A democratic lever is not made moral by its use. It is a good thing to have, but it is not good in and of itself. We must utilize the power in these levers while not losing sight of their fragile nature and requisite continuous care.
Some movies are good because they are thoughtful and meditative; some movies are good because they are consistent kinetic motion, and leave little room for extensive meditation. I think this is pretty cool.
Brussels sprouts and horseradish go really well together. Most of the time brussels sprouts are seasoned too sweetly or char overpowers the seasoning, or both. Just an opinion. Whatever.
The colonial power asserts control of the historical narrative by dominating the sources, creators and distributors of media, dictating the narrative through official statements, and proceeding to tighten the noose ever further with each reporter murdered, and piece of equipment confiscated, and finally, making their presence illegal.

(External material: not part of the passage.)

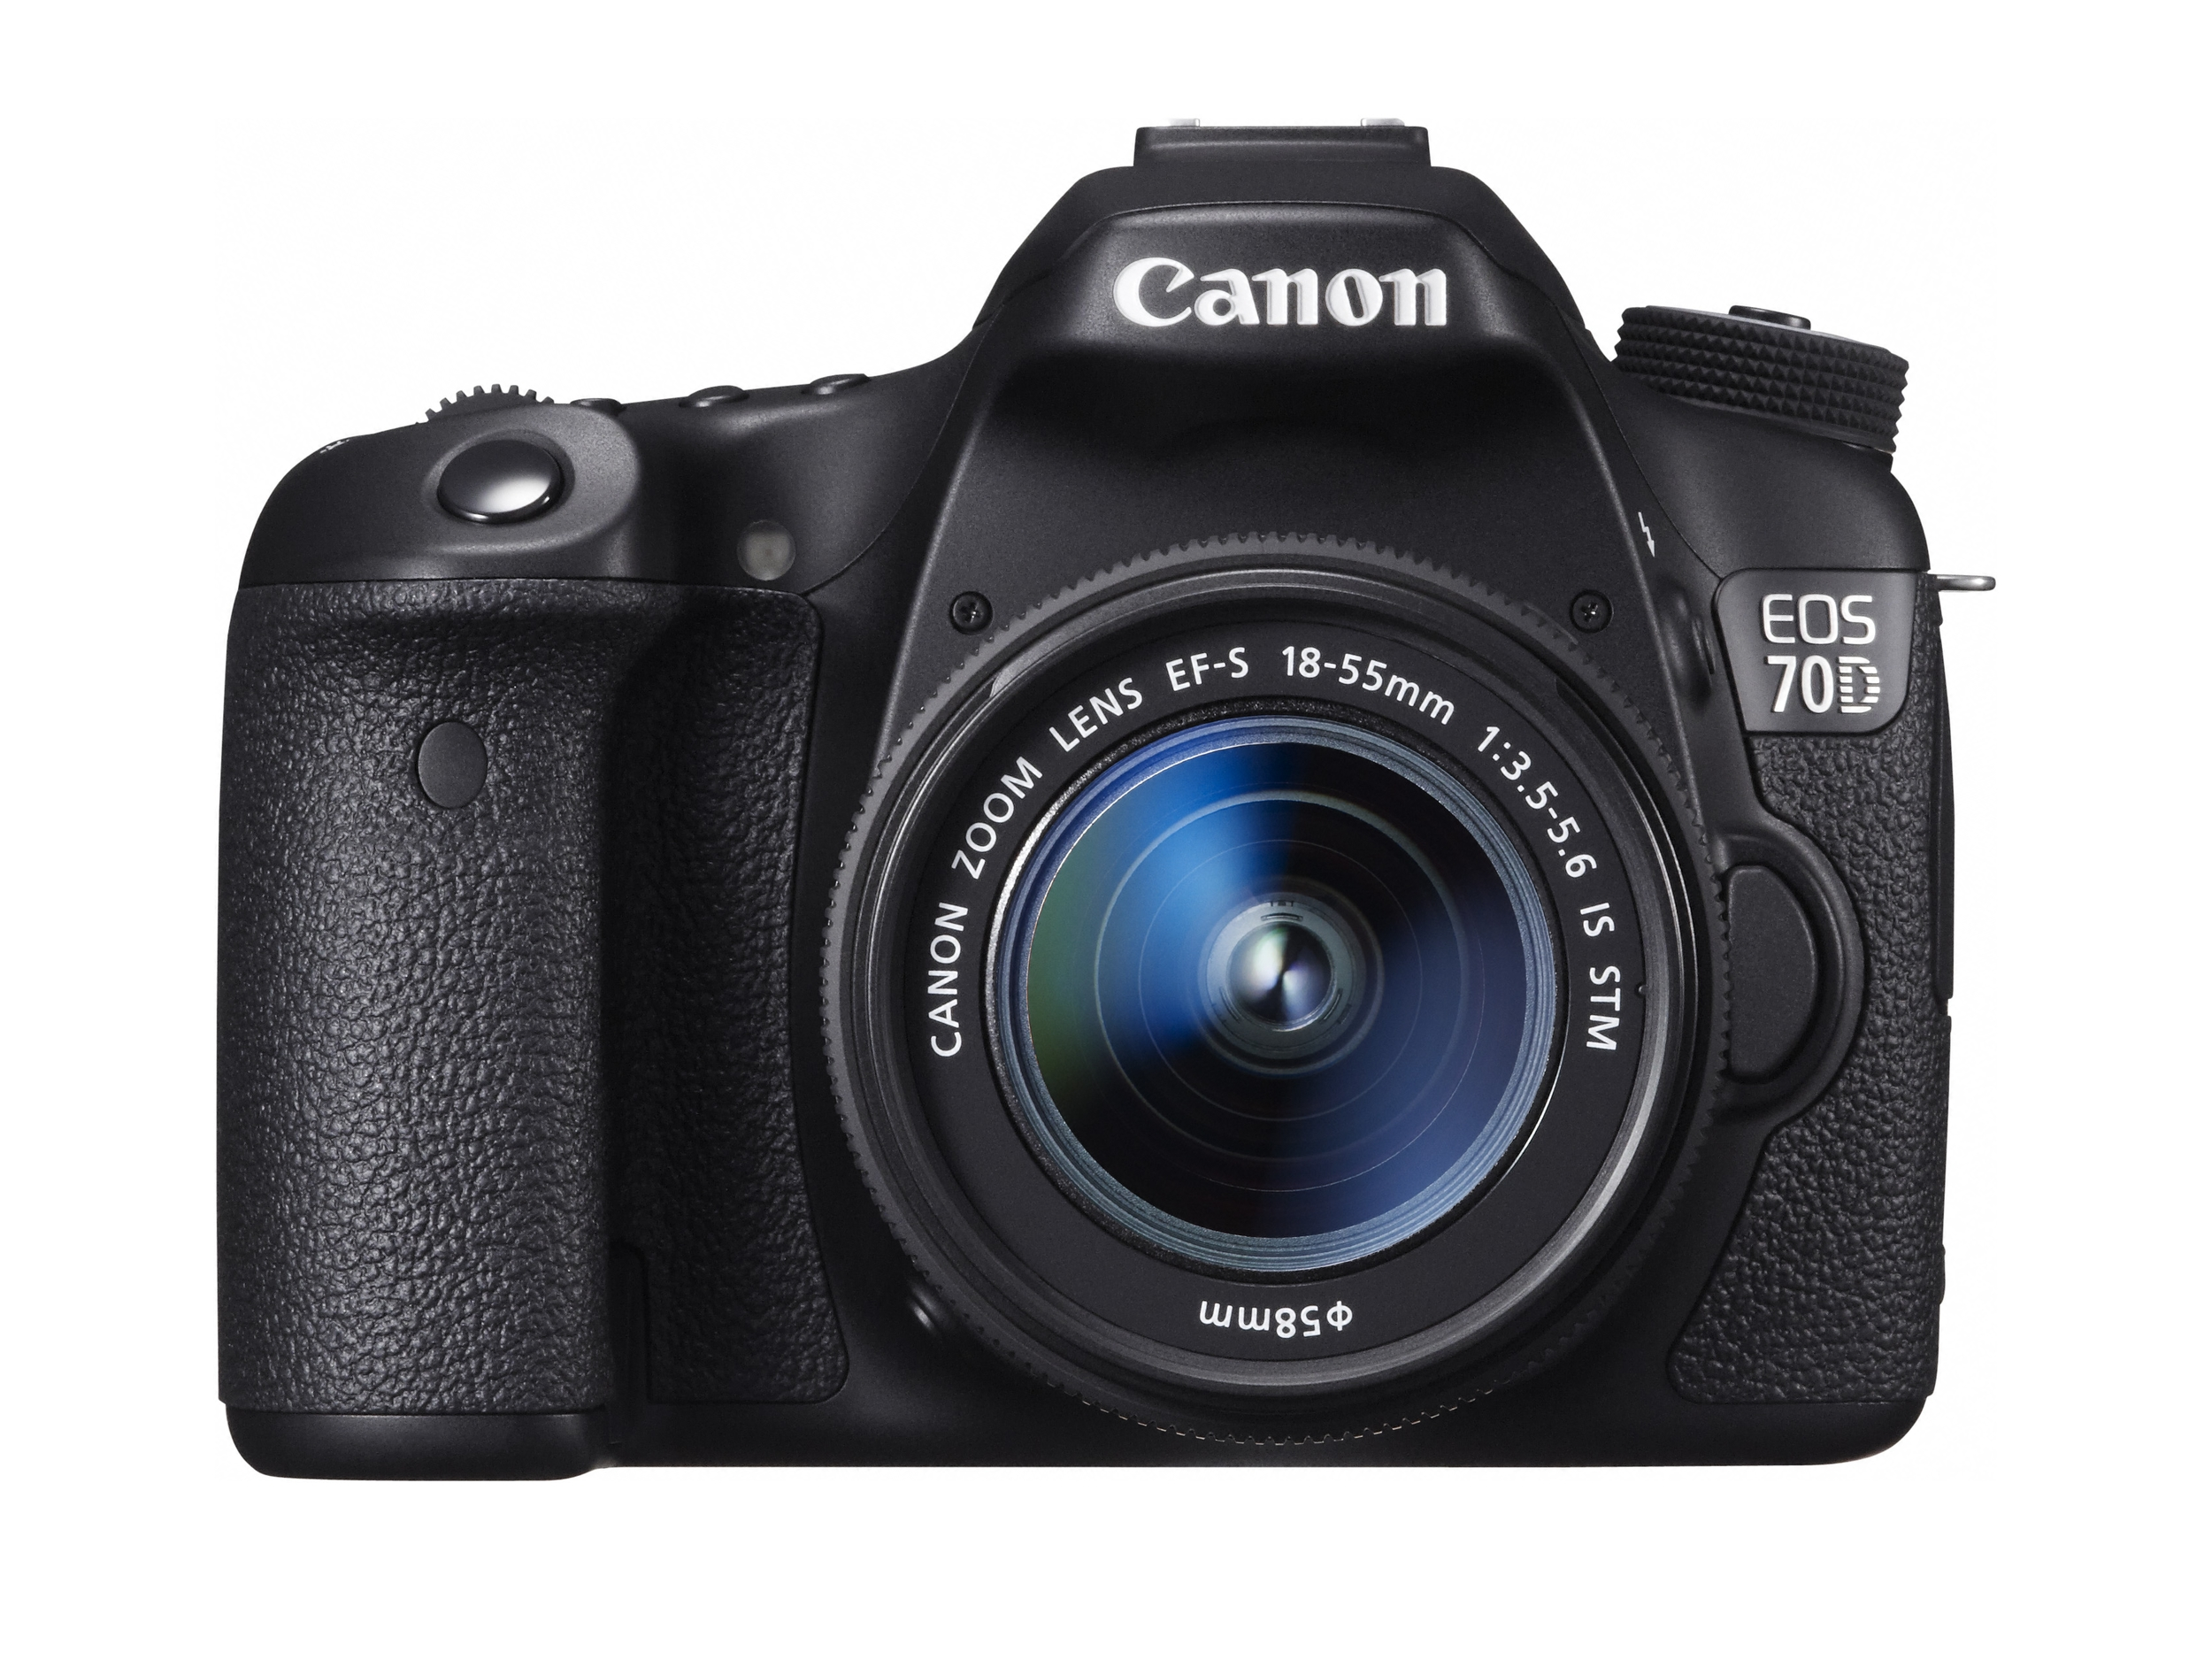 The Canon 70D

Silence and eradication is the goal.
It seems possible to me that we in the US have been living in our own version of the Italian years of lead. Obama is the resurgent far right’s JFK analog, and our center-right liberal opposition party happily complies with the effort to create a communist boogeyman. The contradictions are exponentially heightened, a low-level civil war simmers for the better part of two decades…it feels like a particularly stupid time to be alive.

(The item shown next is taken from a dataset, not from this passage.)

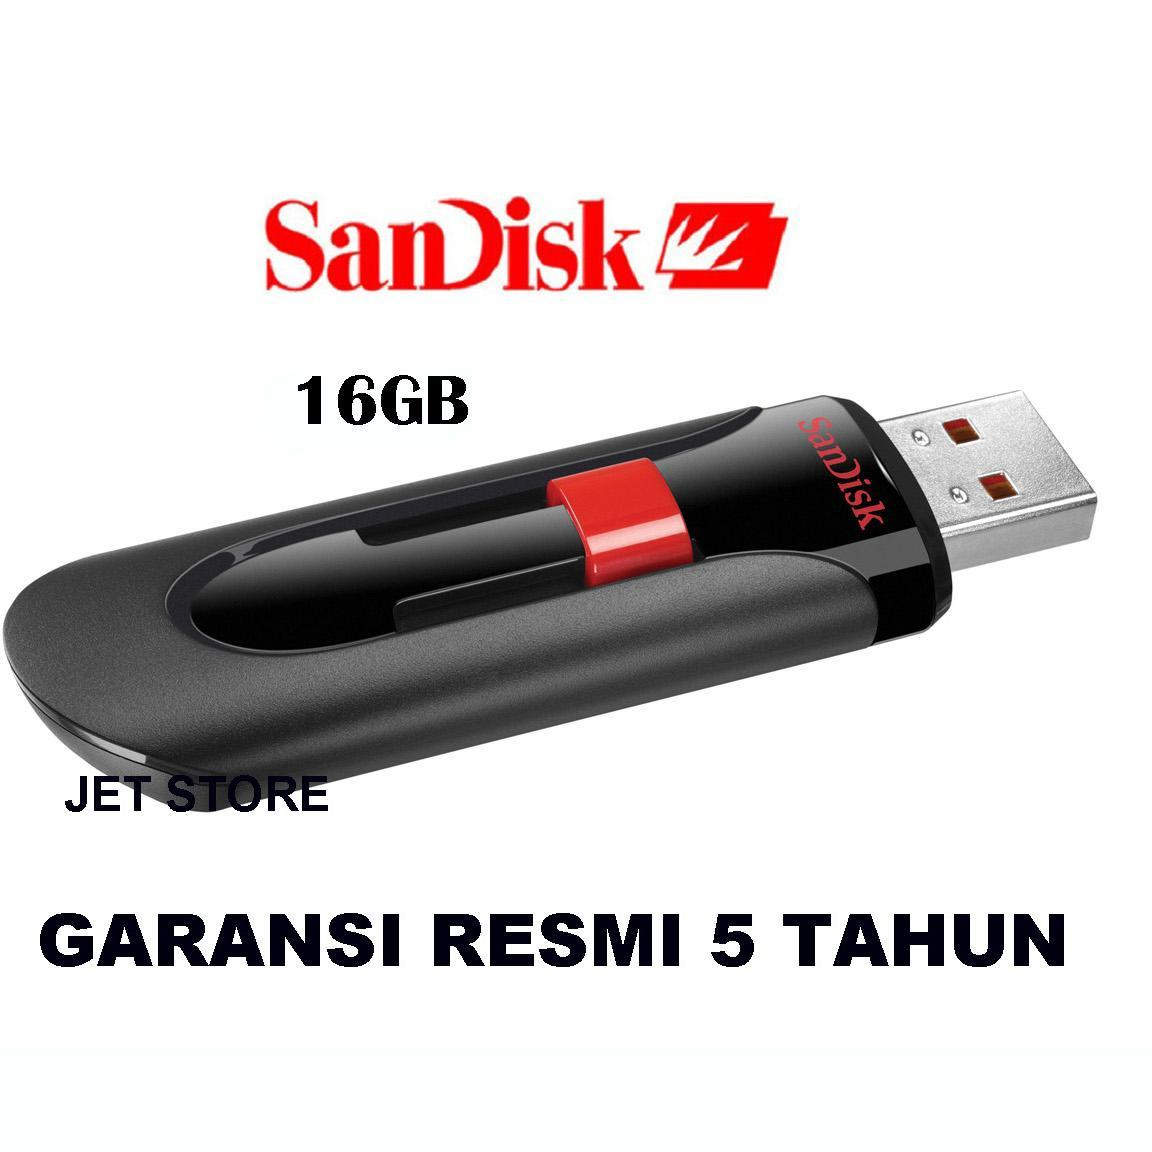 Kelebihan Sandisk Flashdisk Cruzer Blade 16 Gb Terkini Daftar Switch Cz52 8 Glide Cz60 Hitam

🎶The hills are alive with the sound of stupid. If you want to view stupid, simply look around and view it.
We must navigate our morality through this swampy morass in order not to be captured by controlled opposition. We do seem to have some sense of the stage we are forced onto, both audience and performer, yet we feign surprise at the existence of puppet masters.

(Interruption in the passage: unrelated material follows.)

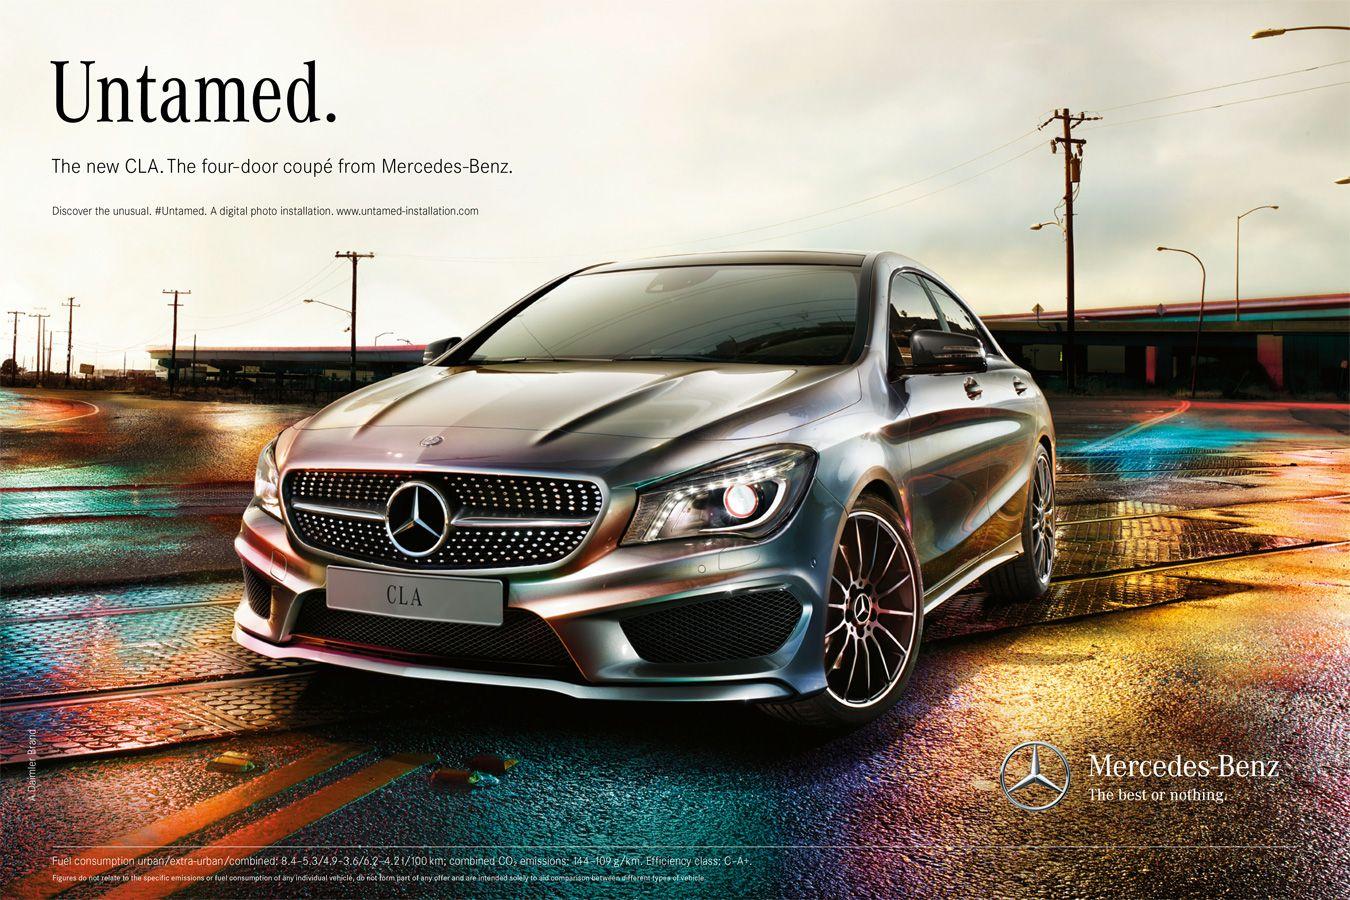 Mercedes cla transportation uwe duettmann ad car for Mercedes benz slogan

Our rights as travelers are to leave as minimal strain on our hosts’ as possible. To understand and respect our hosts, to learn as much as we can while there.
Maybe astral projection and other CIA projects were in and of themselves a form of mind control for capturing the curiosity of individuals that sought the Truth. 
Once they pursue these esoteric rabbit holes they put themselves at risk of disassociation and loss of self.
Under the silver lake is representative of a particular male melodrama and nightmare: that of exclusion from ruling class vices as life milestones. Its relational fear is that of in-group exclusion. The “true” feeling is moral, but the social context is relational. He perceives a lack of belonging. What is truly revealed? The ontological patriarchy? It is the exclusion that lingers. What happens in the tunnels. You are not a part of.
I’d prefer to not have AI, to be honest. Maybe no internet, either. Probably for the best.
Short movie reviews 
Furiosa - good movie.
Hitman - I don’t like this movie.
*Right at this particular moment, and after re-reading it a few times, too. So, it's not like it's just that one point in time. But also, sometimes I do change my mind, so there's that.